Hermes Advanced Use: Work with MultiProfile + Wiki Sharing Memory to Build Your OPC Agent Team (Next)

Hermes Advanced Use: Work with MultiProfile + Wiki Sharing Memory to Build Your OPC Agent Team (Next)

We talked last time Hermes Advanced Use: Working with MultiProfile + Wiki Sharing Memory to Build Your OPC Agent Team (Previously).

The core view is:

  • Don't let an Agent take on all roles at the same time。

A more stable way to organize Agent into a small team:

  • Coordinator coordinates
  • Researcher is in charge of research
  • Writer is responsible for expression
  • Builder builds。

But this raises a new problem:

  • How do they work together in the long term

The answer is:

  • Use Wiki as a shared memory layer。

I. Wiki, what is it

In this system, Wiki is not an ordinary notebook。

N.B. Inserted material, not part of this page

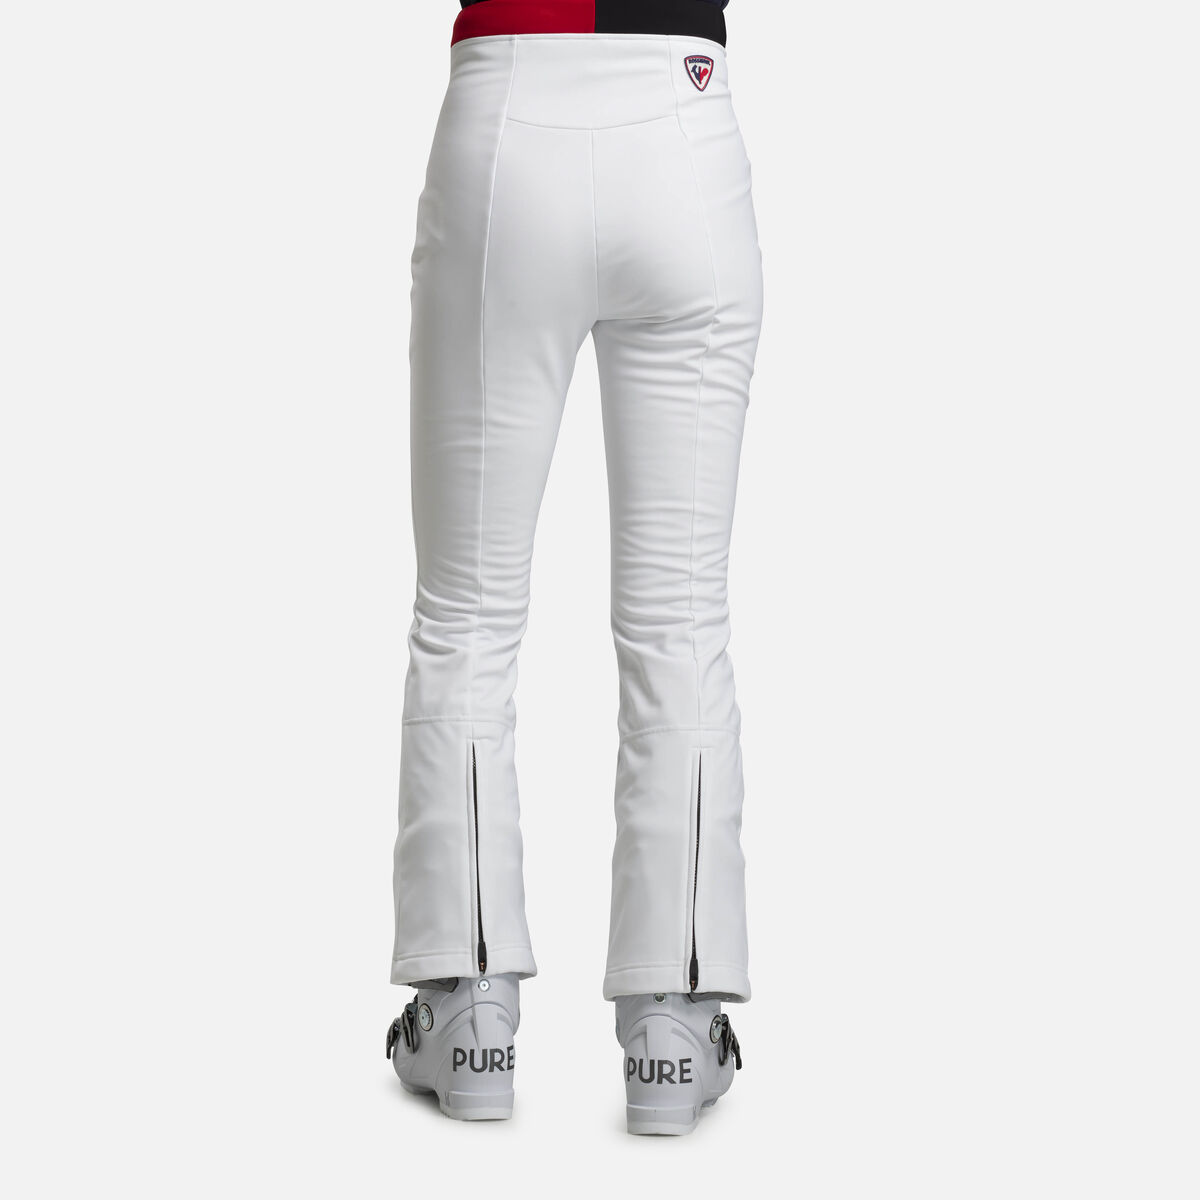 Julien Macdonald - Women's Regimented Ski Trousers White
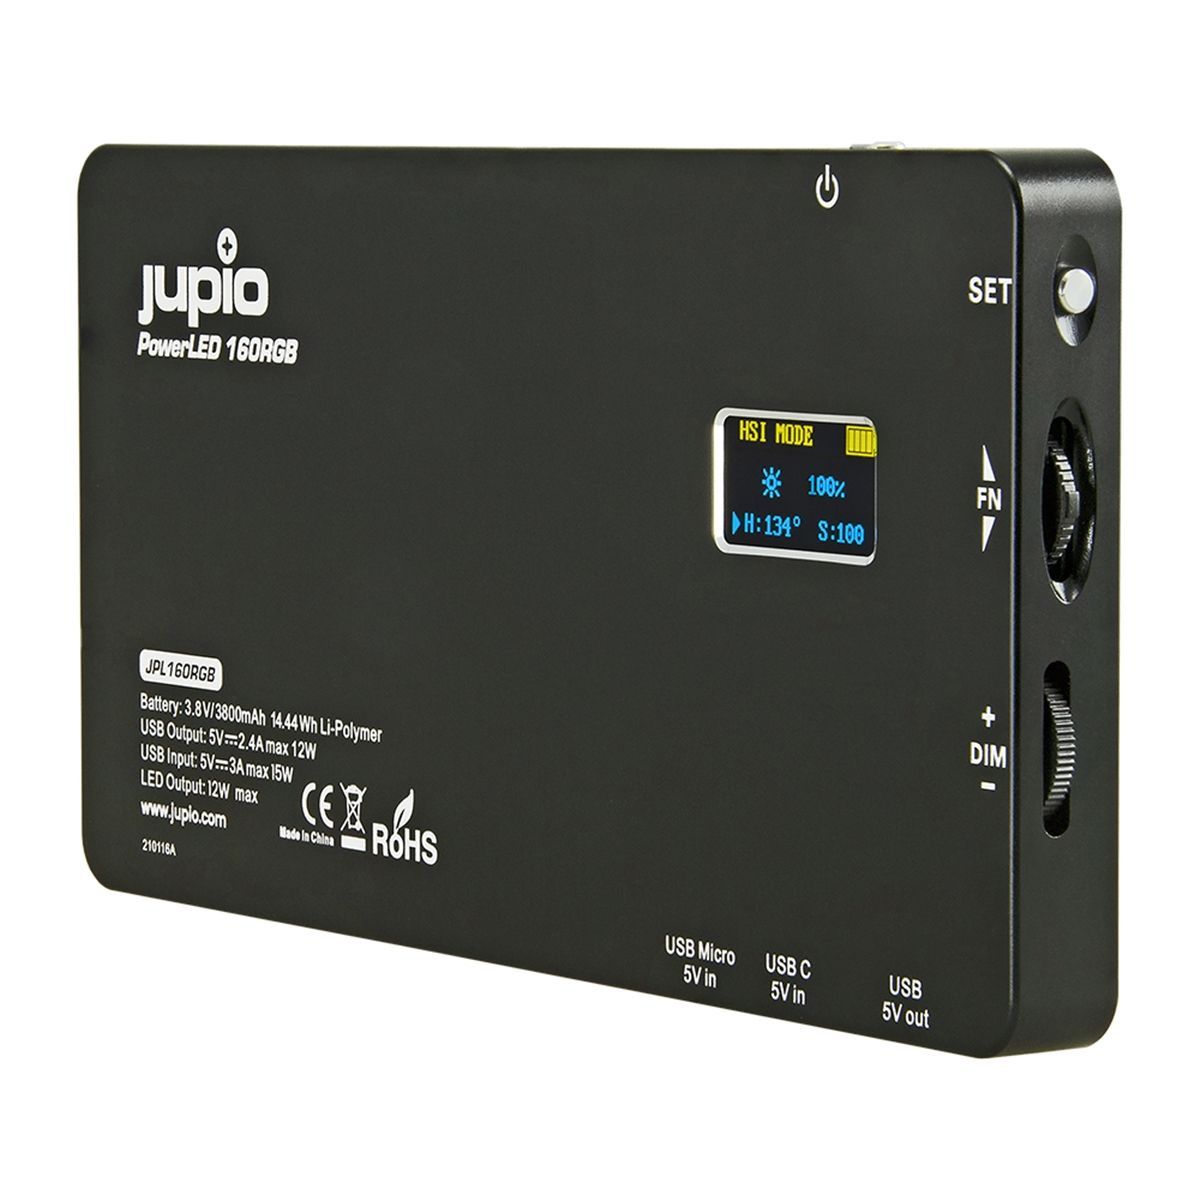 Jupio Power LED 160 RGB + beépített PowerVault funkcióval

It's the whole thing OPC System:

  • Sharing the knowledge base
  • Project management
  • Long-term memory layer。

It manages three types of things:

  • Knowledge
  • Information
  • Outputs。

More specifically, Wiki is responsible for recording:

  • Project background
  • Mission status
  • Advance logs
  • Key decision-making
  • Intermediate material
  • Final outputs
  • Cross-project methodology
  • Source material。

It can be understood as a corporate shared document system。

In this system:

  • Profile is an employee
  • Project is the project office
  • Wiki is the company database
  • Cordinator is the master control。

So, multiple Profiles can work together through Wiki even if their memories are not connected。

II. Overall structure of Wiki

A complete Wiki, with eight parts:

op. cit.mdschema.mdsystem/projects/pages/raw/assets/archive/

Pasted image 202604282144948.png appears to have a large number of parts, but each layer has a clear role to play。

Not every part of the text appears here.